Public urged to be vigilant against fake syariah schemes


KUALA LUMPUR: A retiree lost a whopping RM1.93mil after investing in a scheme that claimed to be syariah-compliant.

The woman was first approached by the syndicate in 2019 and was invited to buy shares in an Islamic Redeemable Preference Shares scheme.

The 74-year-old woman was promised dividends of between 15% and 17% over a short period.

According to Bukit Aman’s Commercial Crime Investigation Department (CCID) director Comm Datuk Seri Ramli Mohamed Yoosuf, the complainant initially received monthly payouts but somewhere down the line, the payments stopped coming in.

“The woman also failed to get any proper explanation from the company offering the scheme on why the payments had stopped.

“She lodged a report in Shah Alam last year, and we opened investigations under Section 420 of the Penal Code for cheating,” he said.

Comm Ramli reminded investors not to be easily duped by promotions offering investment schemes that were Islamic or syariah-compliant.

“Those interested must conduct thorough vetting through various government agencies and learn and understand the types of investments they are participating in.

“Most importantly, never take part in investment schemes that are not licensed or recognised by Bank Negara and the Securities Commission,” he said.

Comm Ramli advised the public that they could get further advice by contacting the National Scam Response Centre (NSRC) by dialling 997.

“Always cross-check phone numbers and bank account numbers through the SemakMule portal before making any payments,” he said.

Meanwhile, a deal that sounds too good to be true must be avoided at all costs, says Malaysians Against Rape, Assault and Snatch Thief (Marah).
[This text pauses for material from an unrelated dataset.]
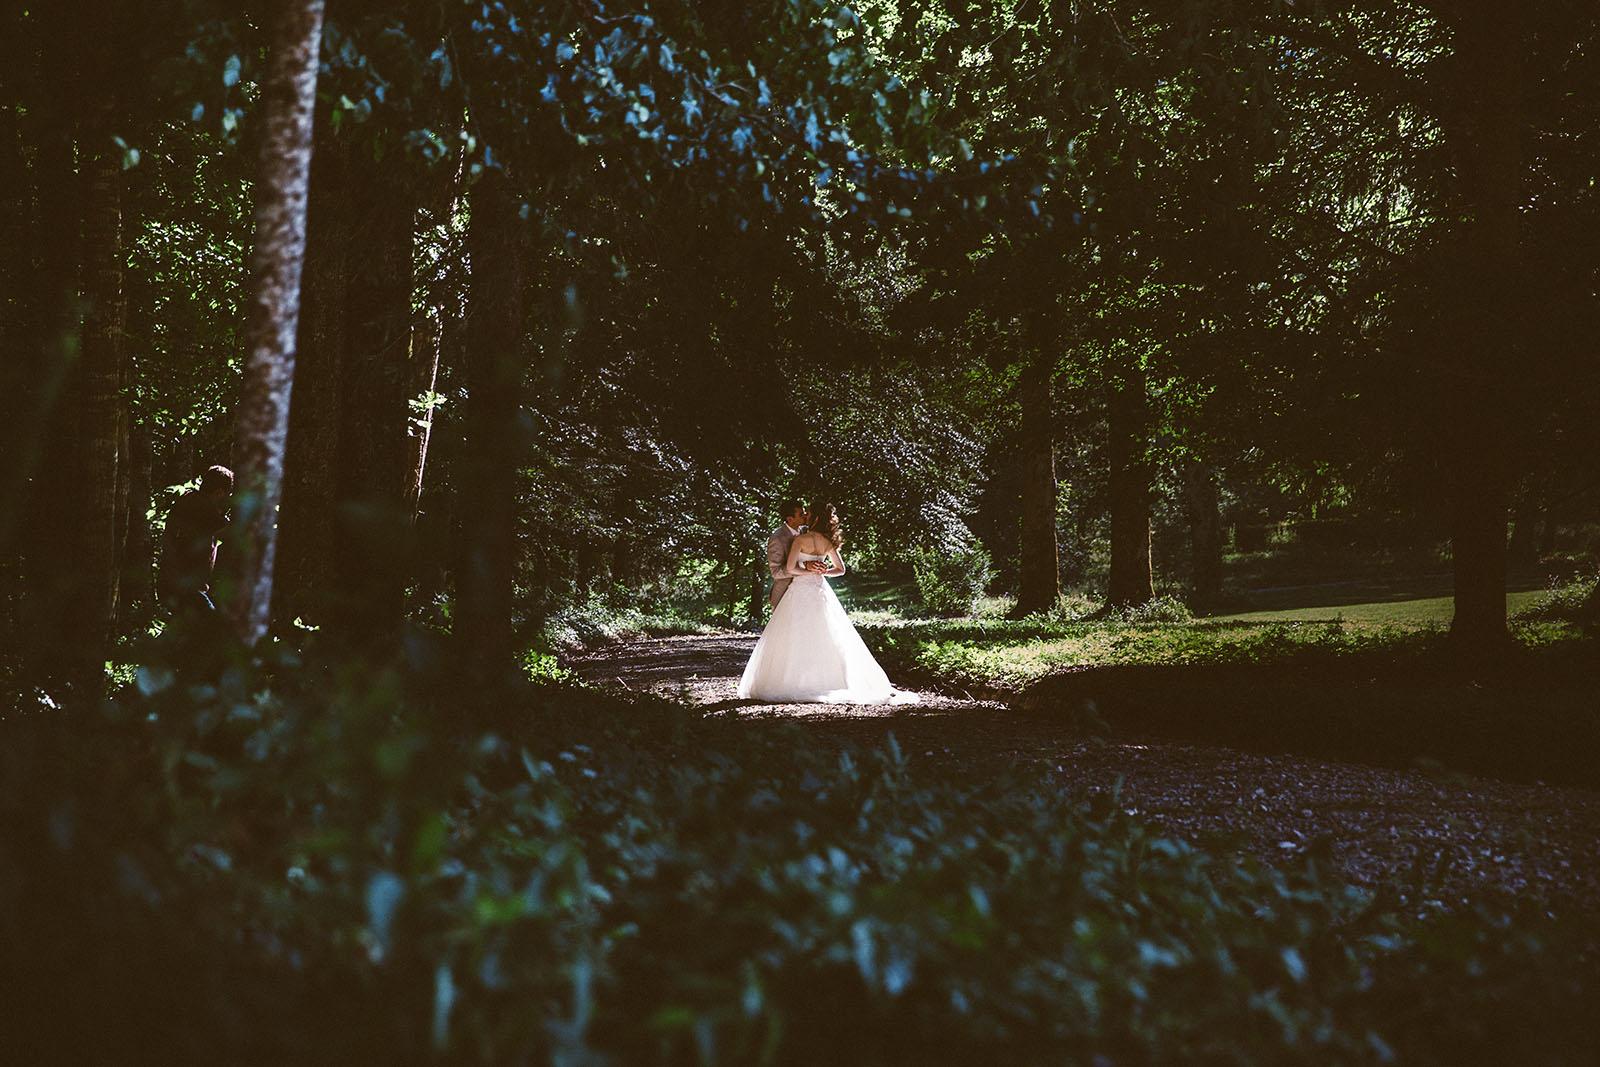 photographe de mariage château de Syam cérémonie laique joie emotion bonheur belle photos mariés photos couple
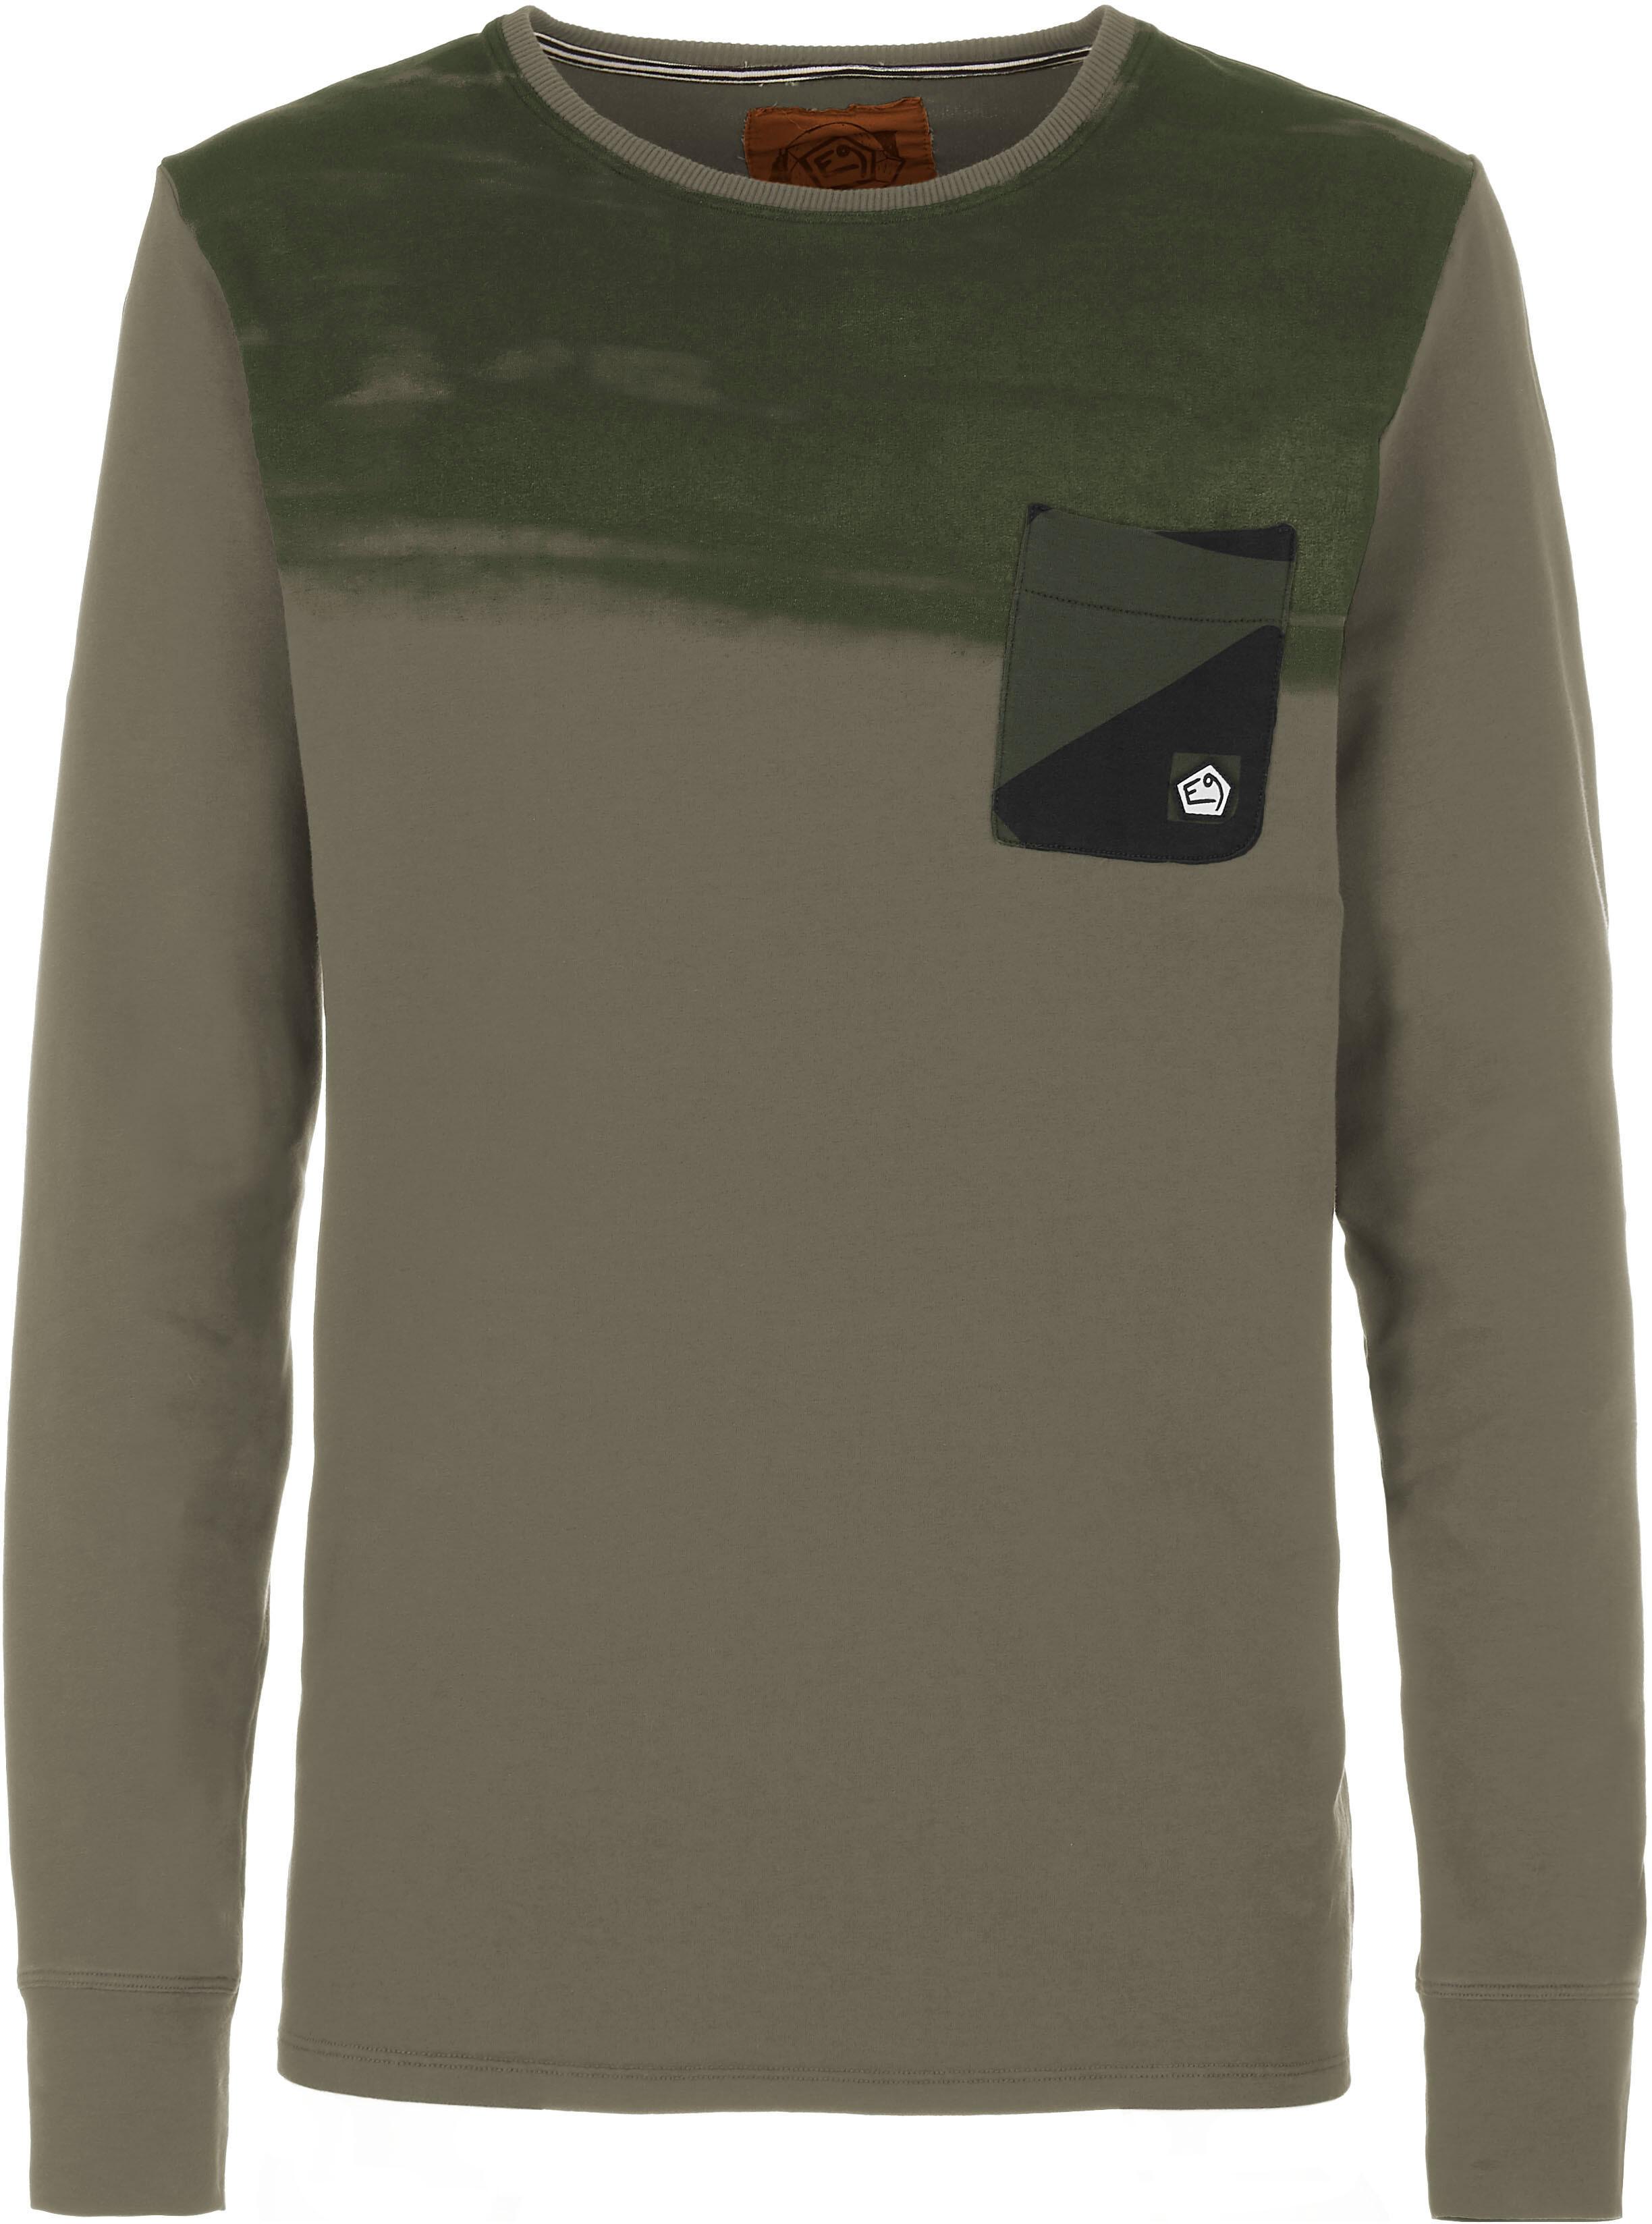 63e53675eaf80 E9 Stripe On - T-shirt manches longues Homme - beige sur CAMPZ !

Its founder, Dave Avran, said the public needs to be extra cautious when dealing with any party offering deals that clearly are not following the market rate.

“Be it items sold online at a much cheaper rate or investment schemes that offer returns that are much higher than ever seen before, the public should not part with their money without first making sure they are not being duped.

“For investments, those interested should always conduct background checks on the companies offering said schemes.

“We are aware that some syndicates are misusing images of public figures and celebrities to promote phoney schemes,” he said when contacted recently.

He said just because a company has a familiar face to attract investors does not make it legitimate.

“There are many unscrupulous people out there waiting to make a quick buck, and they will use any means necessary to fulfil their goal.

“Don’t become a victim. Always conduct the proper checks with the Securities Commission and Bank Negara,” added Avran.

He said the key to fighting these syndicates was awareness.

“One must always keep in mind that scams are promoted online and through social media.

“Treat any investment opportunity advertised with scepticism, and always do your own research before taking the plunge,” he said.